Джек плеснул в свой стакан рому.

— Эту бумагу я обменяю на счет в Колониальном банке. А наличными оплачу пассажирское место на каком-нибудь идущем за океан корабле.

— Да, когда есть деньжата, можно путешествовать и с удобствами, — кивнул Энглдью. — Но все же, если вы решитесь поступиться комфортом и предпочтете приятную компанию, то…

— Сэр?

— Я только что стал шкипером славного маленького корытца, оно зовется «Дублинский замок». Кстати, и совладельцем — приобрел пай в рассрочку. Большая часть команды, как видите, — он кивком указал на храпящих матросов, — ребята с «Элизы». — Энглдью подался вперед, опершись руками на стол. — Сперва мы возьмем курс на Ямайку, загрузимся там сахаром, а оттуда прямиком пойдем в Новую Англию. Так что, если вы не против нового плавания в обществе старых товарищей…

— С удовольствием, — сказал Джек, но тут его кольнуло сомнение. — Если на вашем корабле не перевозят рабов.

— О, ну да, я ведь хорошо помню, как вы цапались по этому поводу со стариной Линком, — улыбнулся моряк. — Вспомнил, кстати, опять и того ирландского малого. Вот уж был ловкач так ловкач. Я надеялся повидать его здесь сегодня. А вы точно о нем ничего не слыхали?

Джек с удовольствием слушал застольные похвалы храбрости и боевому умению Рыжего Хью, но на этот вопрос ответил коротко:

— Ничего.

— А уж вроде бы вы с ним были такие приятели! — Энглдью вздохнул. — Ну да ладно, могу вас заверить, что на борту «Замка» вы не встретите никаких рабов. Кроме бывшего раба Линка, Бараббаса, — он указал на обмякшую черную фигуру.
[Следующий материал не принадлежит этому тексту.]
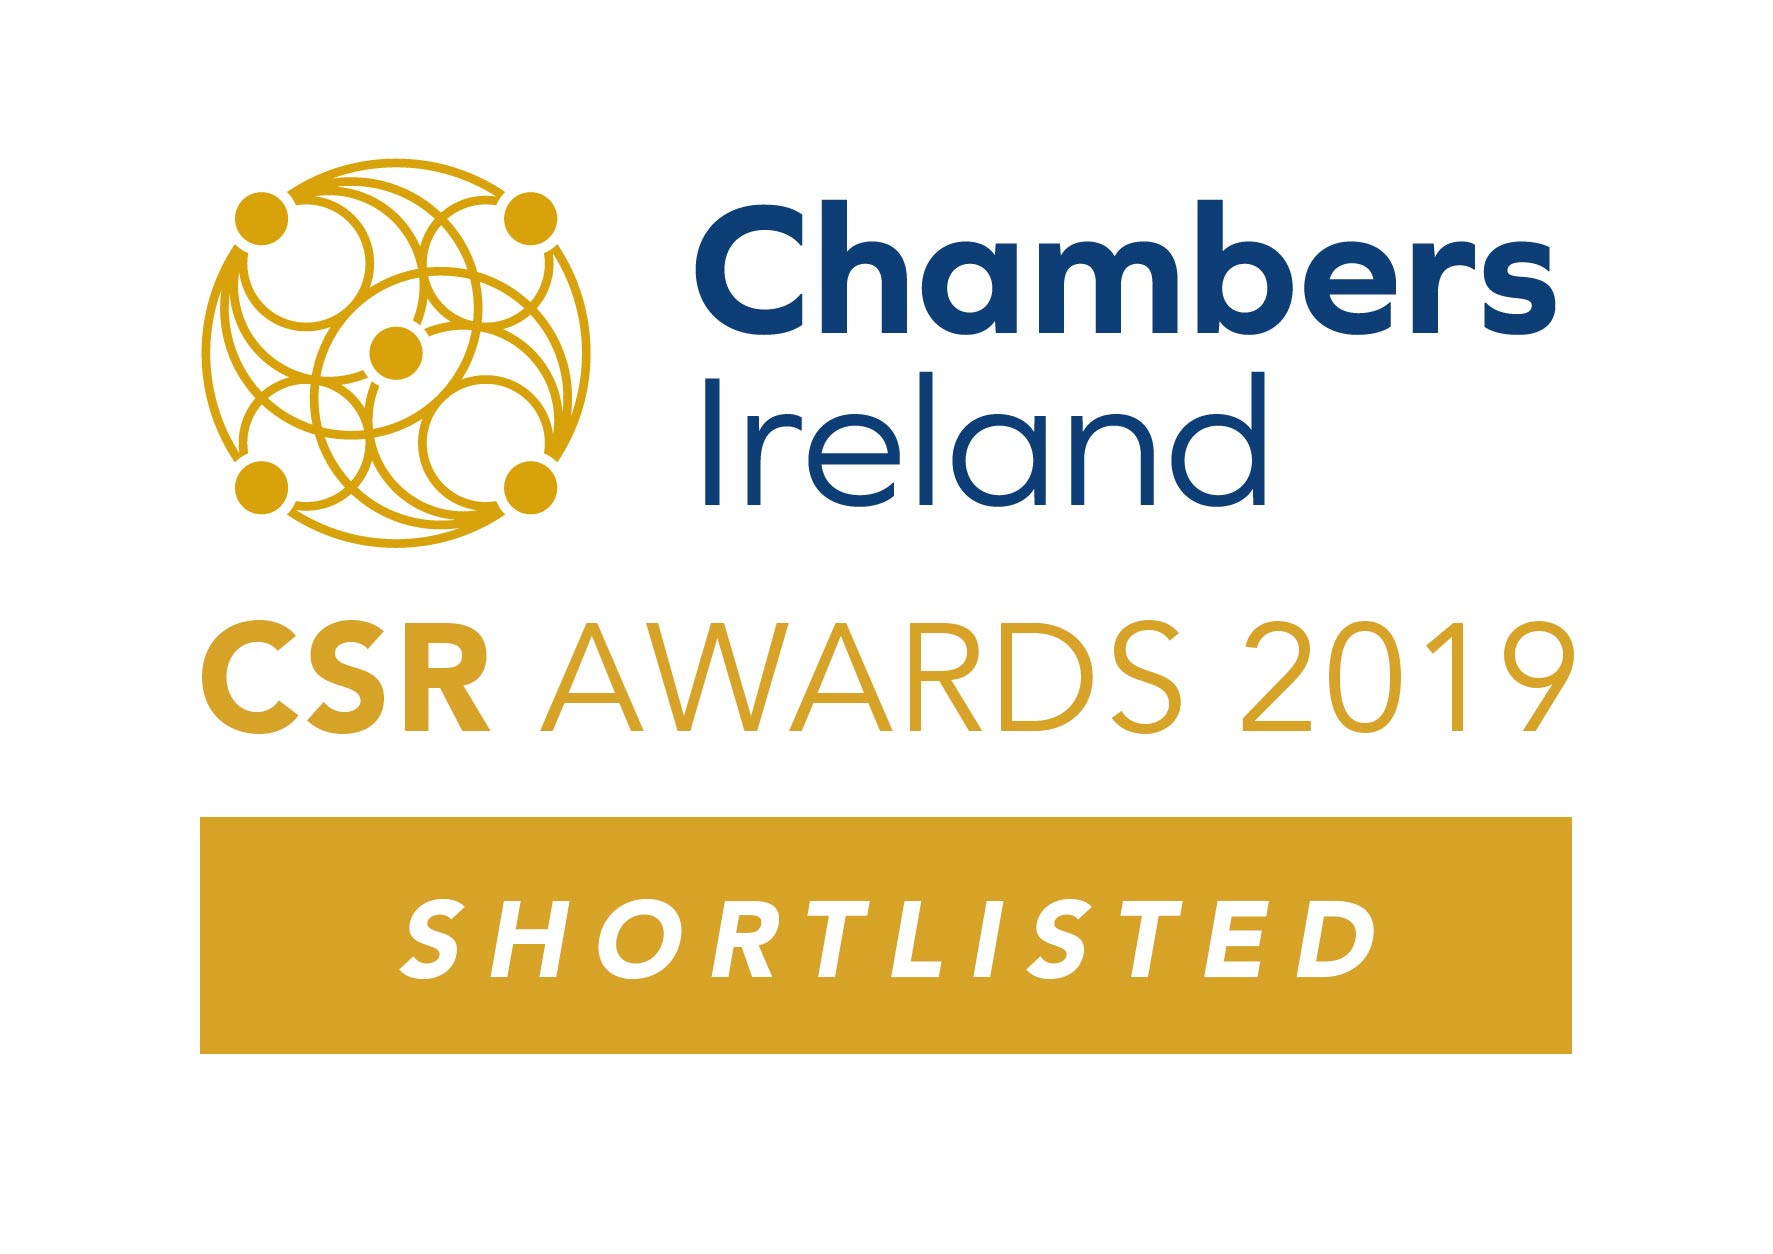 Chambers Ireland CSR Awards 2019 Shortlisted badge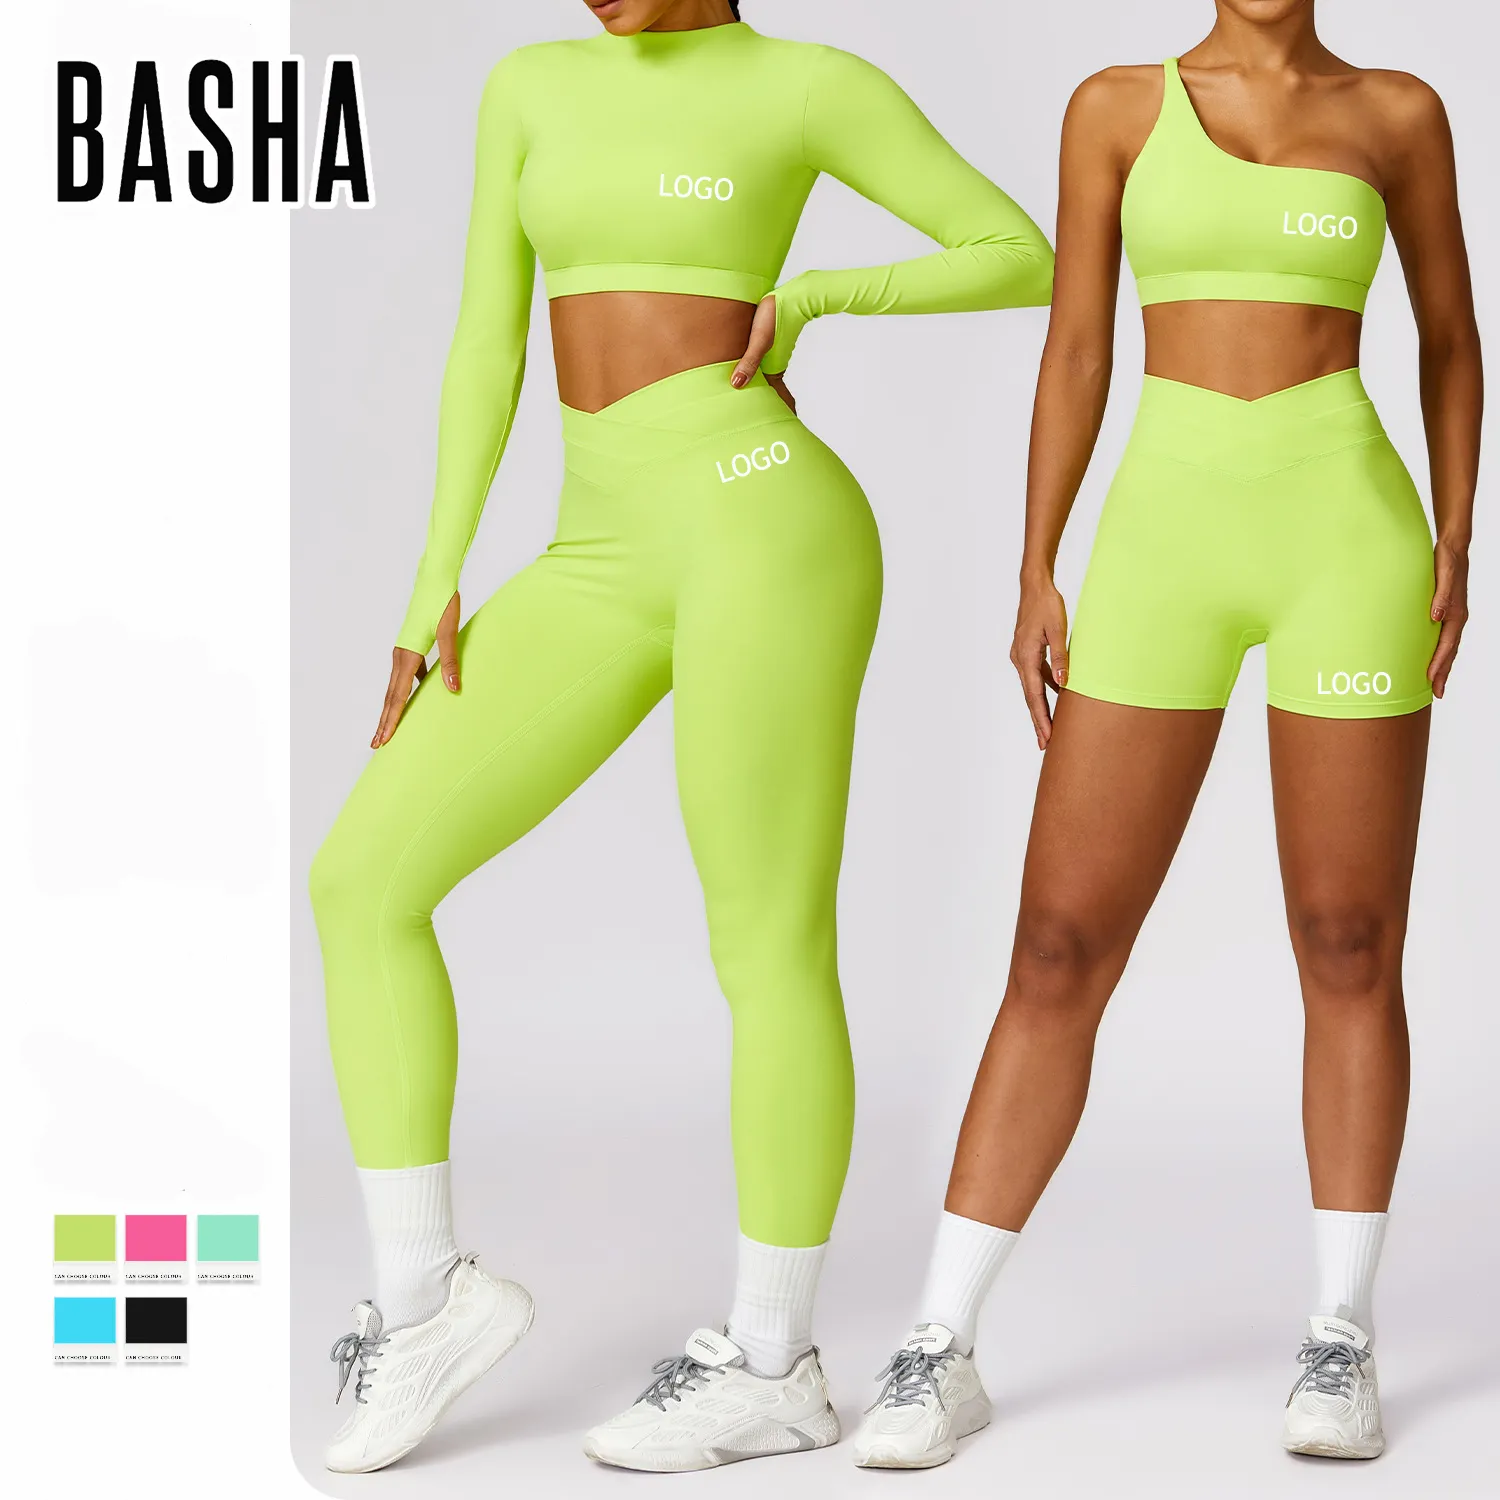 Bashasports אביב חדש מהיר יבש יופי גב יוגה סט שרוולים ארוכים בגדי כושר ריצה צמוד סט ספורט נשים

— В таком случае я с удовольствием принимаю ваше любезное приглашение. — Джек взялся за кувшин и налил еще две порции рома. — Ну-ка, давайте за встречу друзей.

Они пригубили ром.

— Теперь, когда французы побиты, нам, слава богу, не придется драться.

Энглдью воздел свой стакан, встал и крикнул:

— А ну поднимайтесь, пьяные шелудивые псы! Всем стоять! Пока мы на суше, за это пьют стоя!

Матросы, которые еще были способны что-либо слышать, качаясь, поднялись на ноги.

— За спокойные моря, добрые ветры и отсутствие пиратов!

— Ура!

— И за его величество короля!

— Ура!

Джек непроизвольно обвел взглядом компанию и увидел, что один из моряков (Макрэй, член клуба носового кубрика «Нежной Элизы»), перед тем как выпить, пронес свой стакан над жбаном с водой.

Ему не хотелось пить за короля за водой, но была пара ирландцев, которых этот тост вполне бы устроил. Кузен и кузина.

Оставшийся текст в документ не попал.